Saturday, May 23, 2015

we are all losers

For such an 'unpredictable' election the outcome of it was oddly predictable. Everyone chose to err on the safe side, the very definition of conservatism. And when I say 'everyone' obviously I mean about 30% of the population. The Daily Mail was ecstatic, as if they had engineered it all, which of course they had. It was interesting to note that when we at work were entering 'purdah', the pre-election period wherein nobody is allowed to do anything that might be seen to be favouring one party or another, the Daily Mail was entering some kind of anti-purdah, when it was allowed to stop even pretending to be a newspaper and report, say, Ed Milliband's determination to fill the country with as many East European rapists, thieves and murderers as possible as though it were fact.

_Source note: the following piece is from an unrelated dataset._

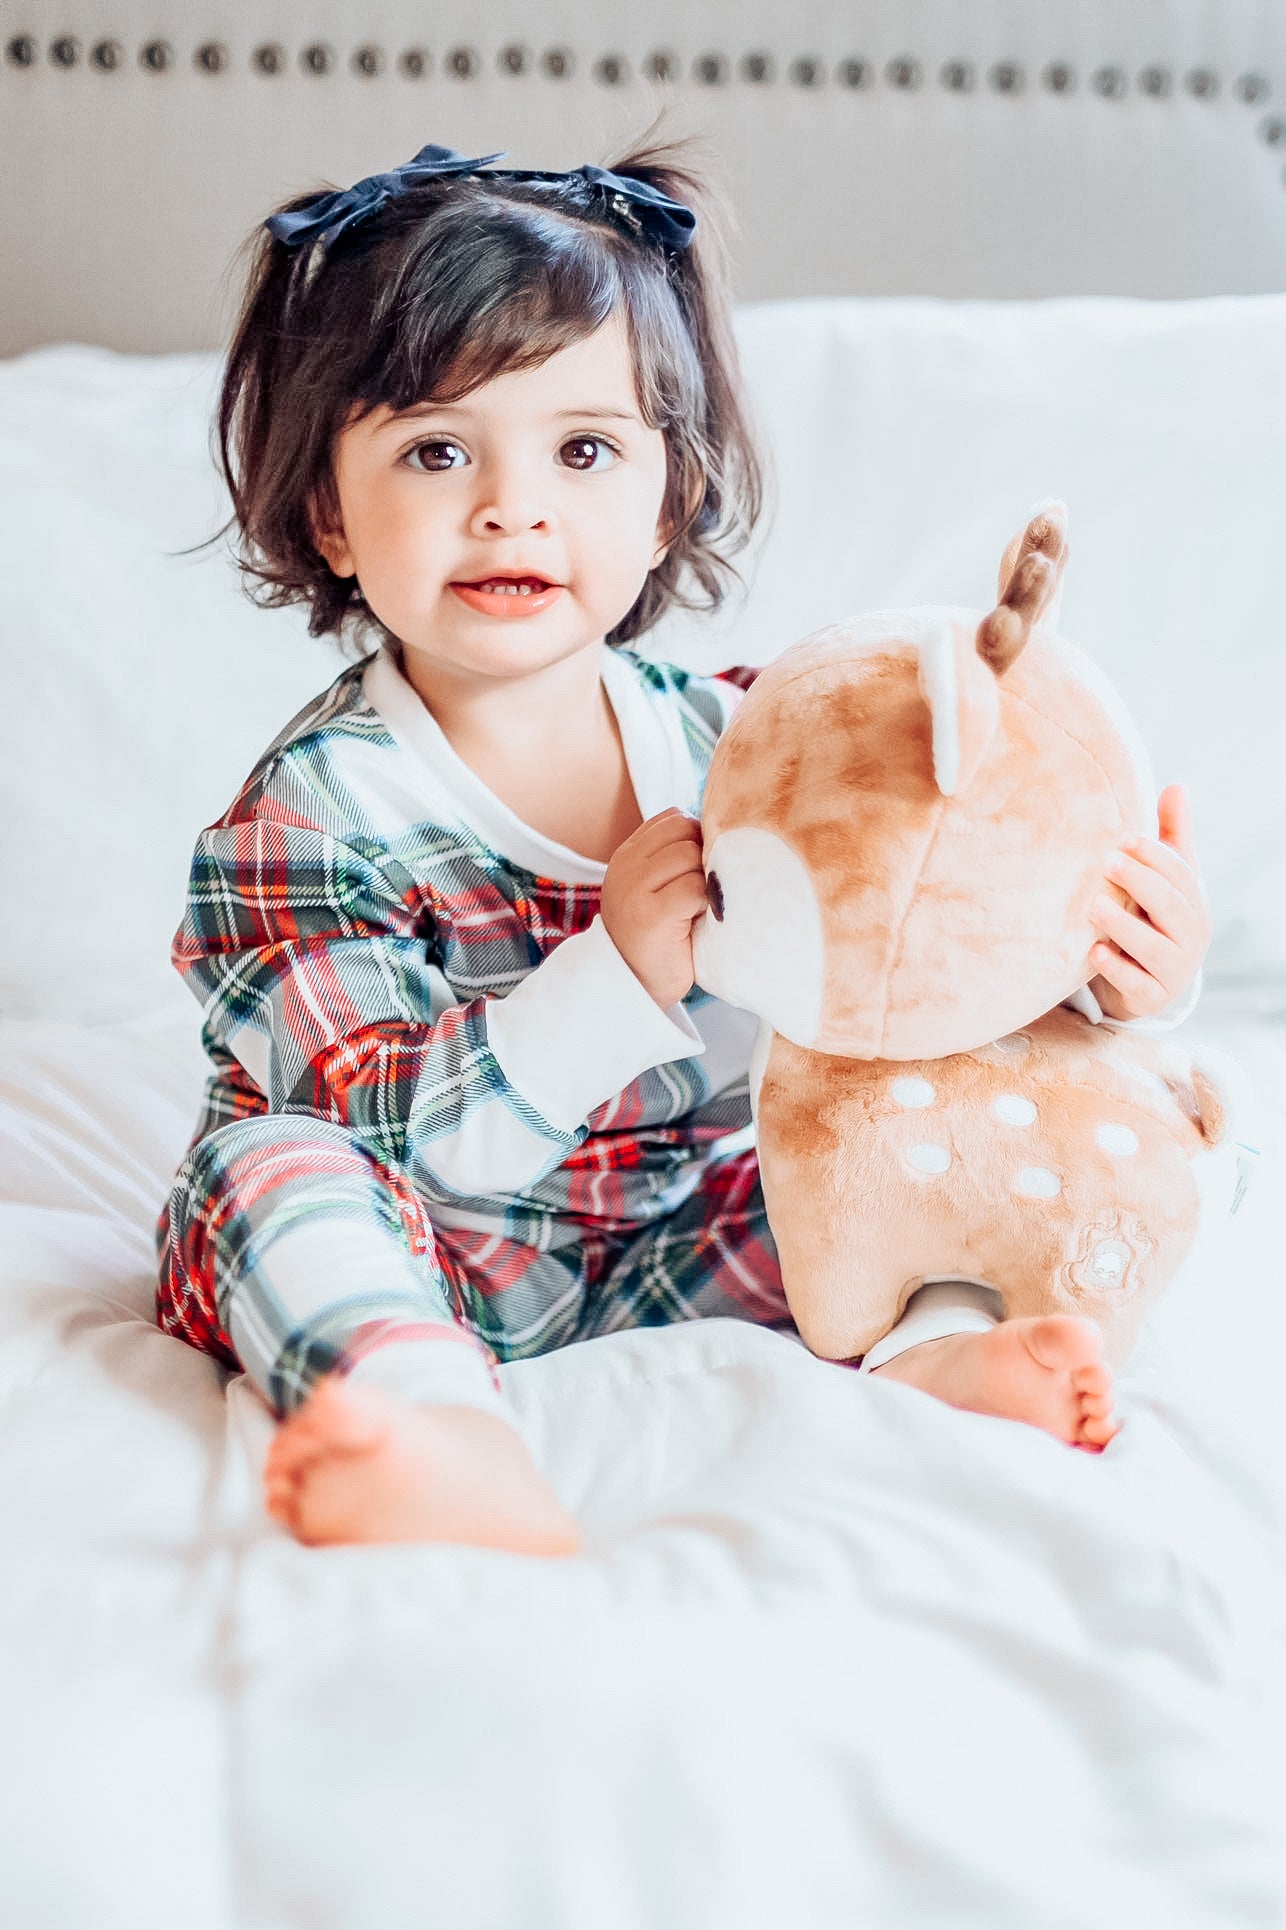 Young child wearing the 2 Pc Christmas Pajamas - Stuart Tartan Holiday Plaid, while playing with a reindeer stuffy.

'Red Ed', as they quaintly called him, was presented as a strange mixture of tyrant, dweeb and Lothario – had he been a real person, he might have been quite interesting. In reality, he looked more like a victim of bullying, which is essentially what he was. But at least he was more interesting than Cameron, who even in his victory speech didn't sound convinced, saying that we were now 'on the brink of something special', when as everybody knows, no-one is ever 'on the brink of' of anything except disaster. Although to be fair, that was down to his speech writer – who has now resigned.

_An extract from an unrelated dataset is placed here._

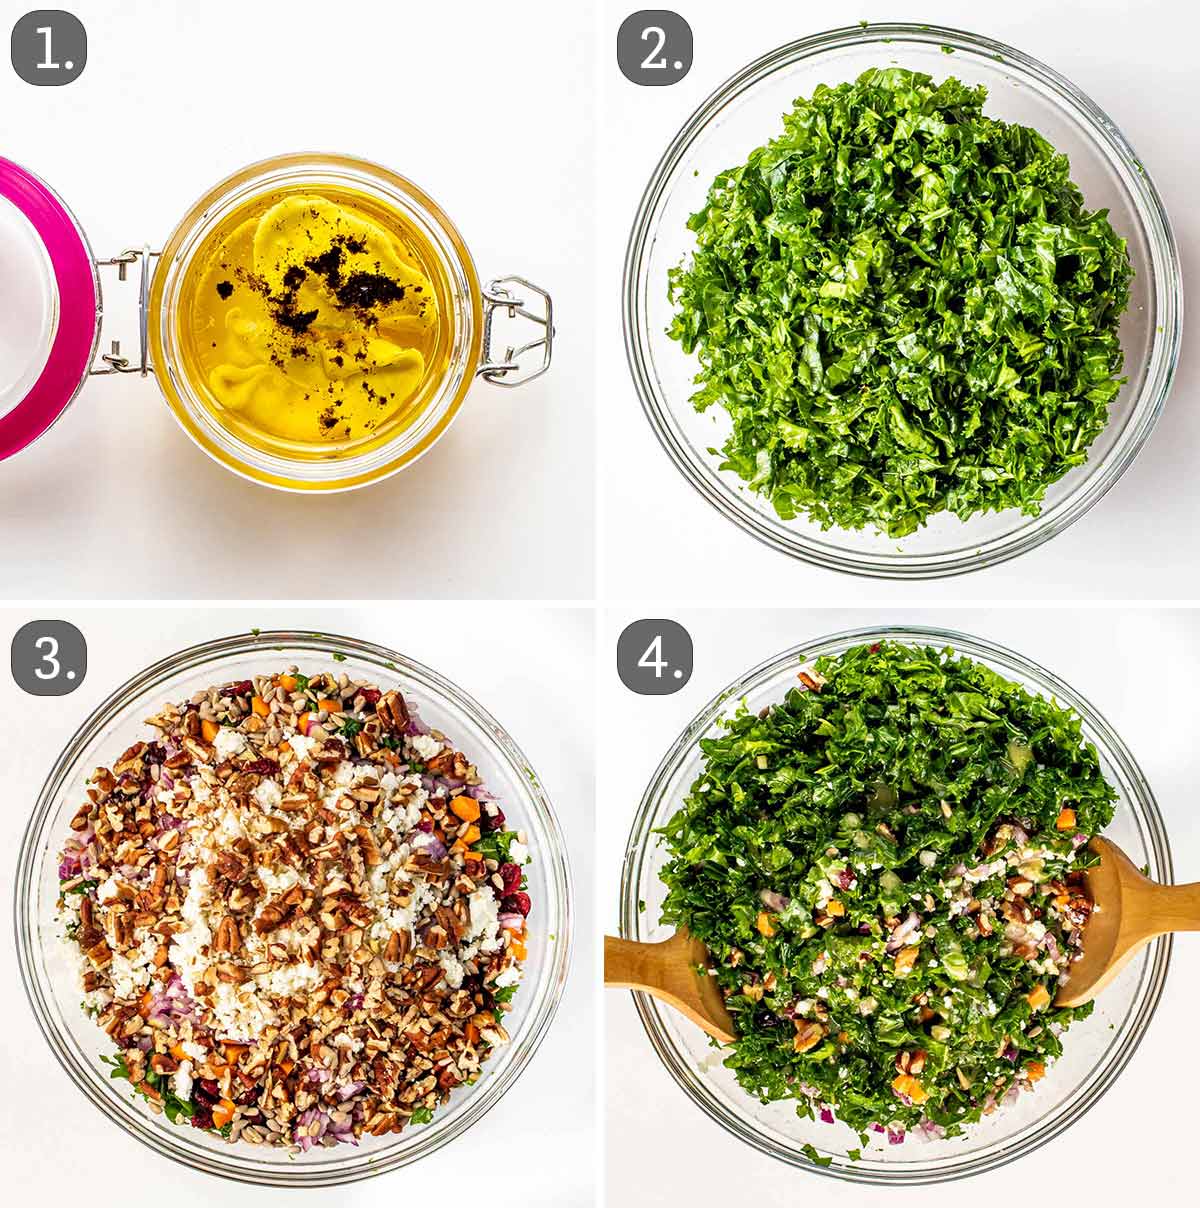 detailed process shots showing how to make kale salad.

A perceptible gloom seemed to hang over BBC radio the day after the election. The Cure's despairing A Forest made a possibly unprecedented appearance on the Ken Bruce show; Jeremy Vine (or whoever was standing in for him) swiftly followed it up with Eve Of Destruction by Barry MacGuire. We also had the crushing disappointment expressed in Hot Chocolate's So You Win Again although that might have been because Errol Brown died. And who can blame him?

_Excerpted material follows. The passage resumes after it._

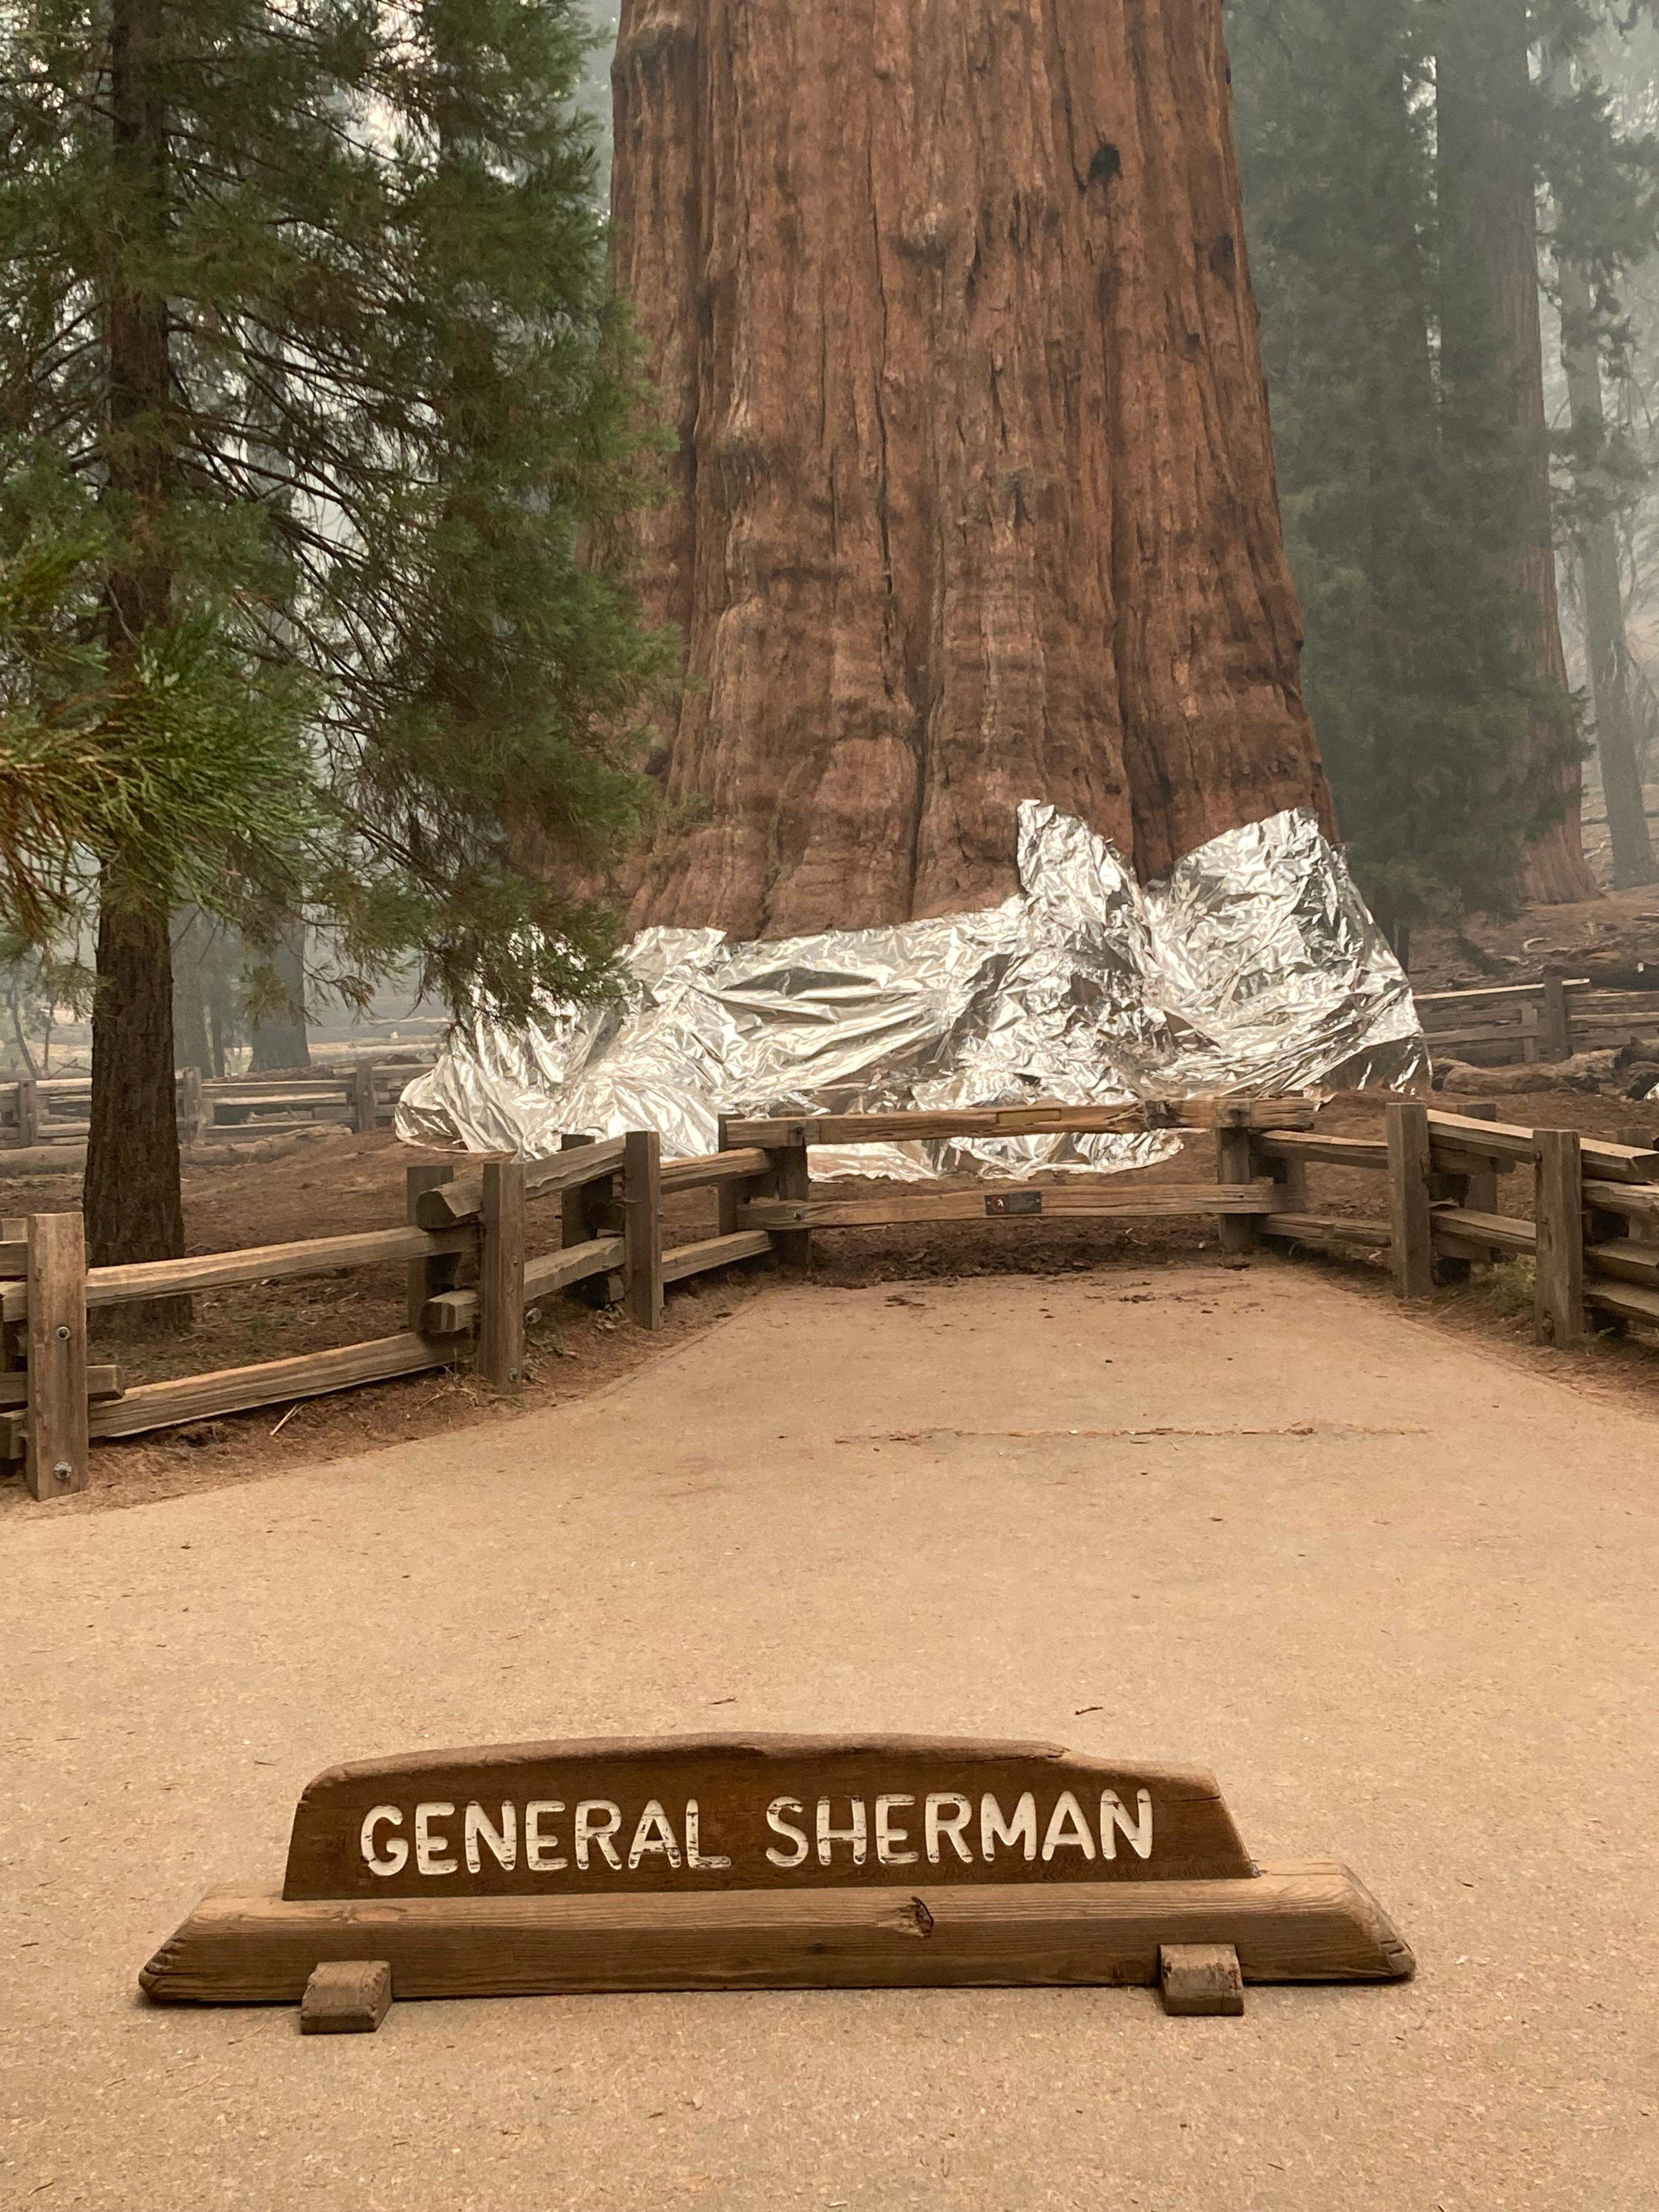 Lower portions of the giant Sequoia trees were wrapped in fire protective foil last week as the threat of wildfire intensified

As for the BBC's supposed left-wing bias, at least if it exists they make a show of hiding it. When David Cameron made his pre-election appearance on the JV show the other topics he was sharing space with were cracks appearing in your home and the last days of the Nazis, which certainly seemed suggestive. Next day, however, it was dogshit and sexual assaults, so it could have been worse.

The one bit of good news from the election was that Nigel Farrago didn't get elected. UKIP should probably team up with Islamic State – they both hate women and gays, and want to turn back the clock (they could enjoy lengthy negotiations over just how far). The political landscape does seem to have changed since the election. The Mail on Sunday featured on its cover a protest by 'the Hard Left'. The Hard Left! Where have they been? Before the election there hardly seemed any difference between Left and Right – now politics, it seems, is getting divisive again. I was oddly cheered by this. After all, even if you tend to sit on the fence it's nice to have something going on on either side.